Tick box teaching – should teachers start with the learning objectives?

Once upon a time in a not too distant land a group of ex-teachers turned inspectors decided to interpret the research of a group of educational researchers at Kings. They thought they were very clever and came up with a list of criteria for what they thought was a good, excellent or outstanding lesson. The only problem was that they didn’t really read the research properly and ended up getting things half right. All the teachers in the schools were told they must do certain things in a lesson and would be judged outstanding by the OFSTED wizards and this is how the myth was born…..

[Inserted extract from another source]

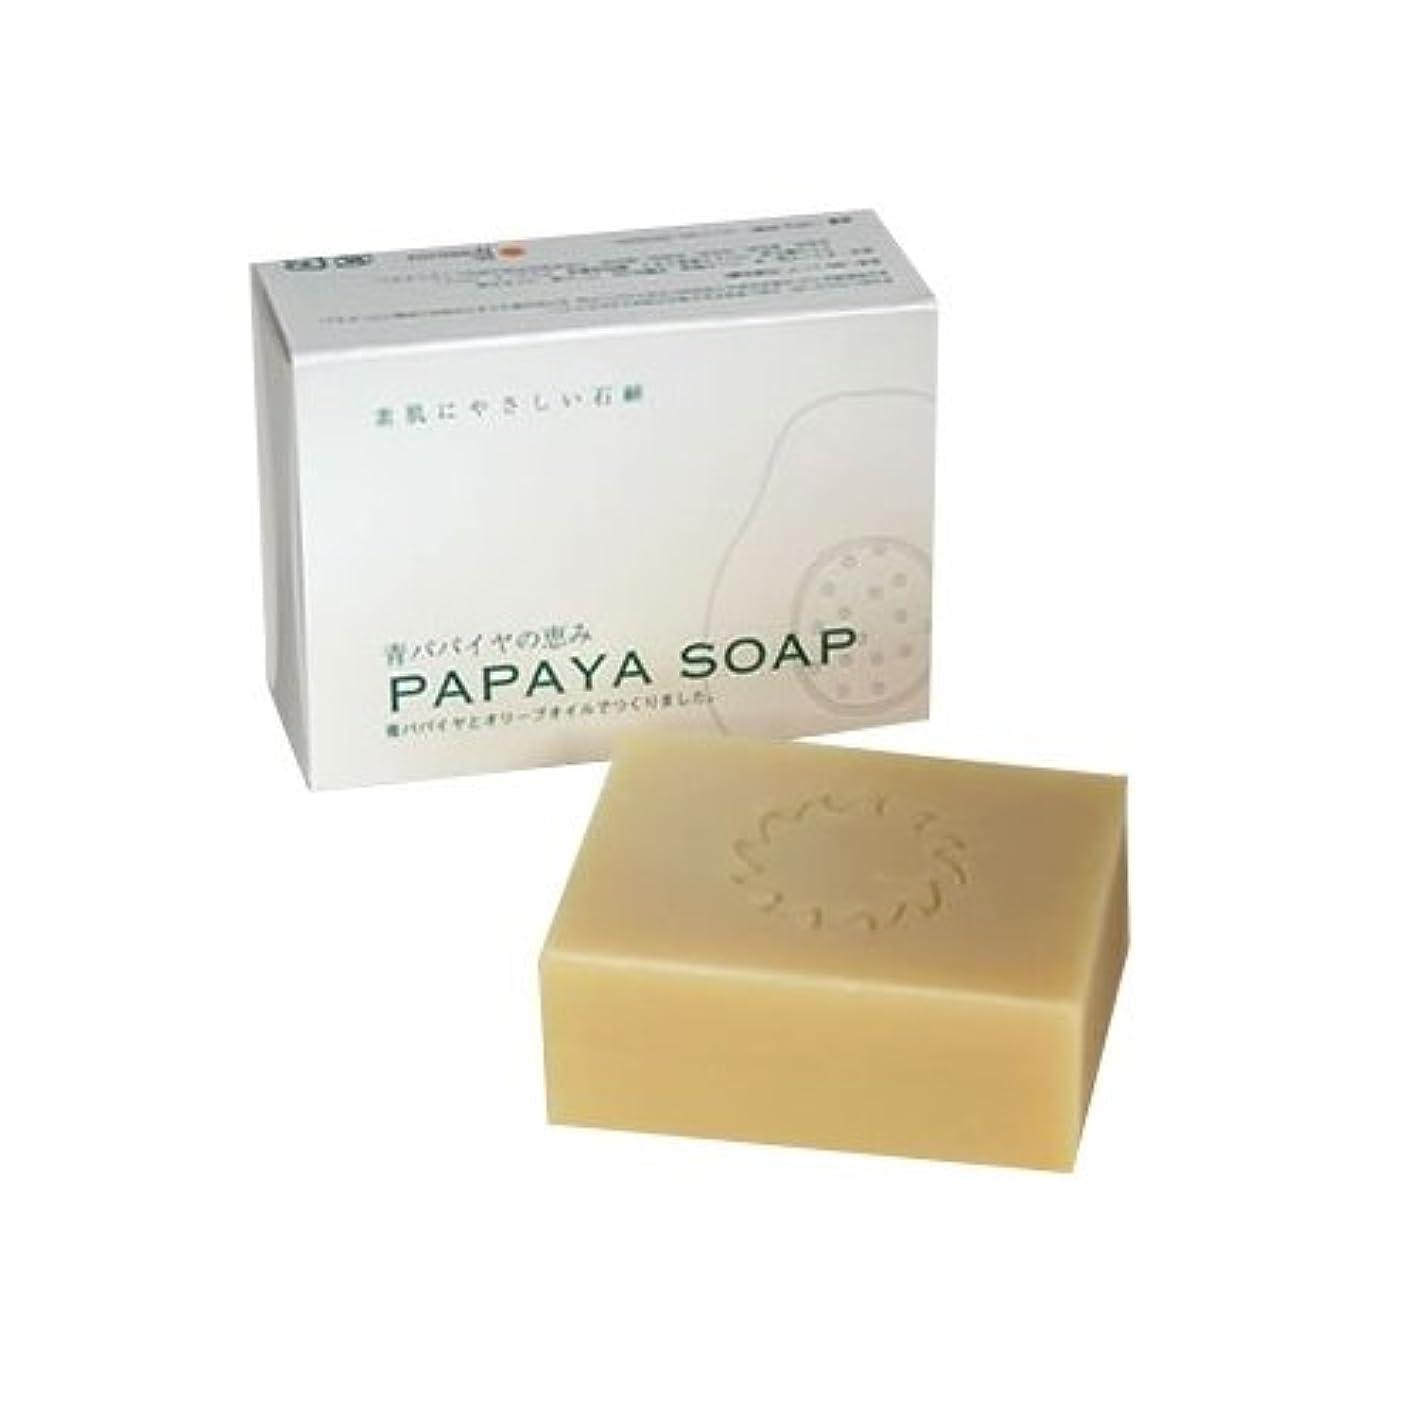 乳白パンツ同一性青パパイヤの恵み PAPAYA SOAP(パパイヤソープ) 100g

……..we should all write the learning objectives on the board in the top right hand corner, make the children write them down in their books etc
Was this the original intent of Paul Black and Dylan William when they wrote “Inside the Black Box- Raising Standards through Classroom Assessment” ? In a word NO! They had no intention of forcing all teachers no matter how good into this educational strait-jacket.

 

Learning Objectives on display simply give the game away – they tell children exactly what they are learning before they do it. Where is the fun in that? If I start my lesson telling the students that at the end of the lesson they should know that when copper reacts with oxygen it forms copper oxide where do I go from there? Surely that learning objective has been achieved purely by stating it. I know I’m oversimplifying and carefully phrased learning objectives can be really useful to share with the students at some point in the lesson, not necessarily at the start.

There is also this belief that everything we do, as teachers, should be to please OFSTED. So do they want lessons starting with objectives? Again NO! (They may have originally forced this upon us, but even they have realised it can be a rather dull way to start a lesson!) OFSTED are now looking for what they call a “hook” – which is something engaging that draws the pupils in at the start of the lesson.

So what are the next steps? Teachers should have courage the think outside the black box (or at least the bureaucrat’s interpretation of it) and consider starting with big questions which students should be able to answer by the end of the lesson. These might be communicated at the start, in the middle or perhaps the students come up with them? There is no one right way, as professionals we need to choose the best path for our students.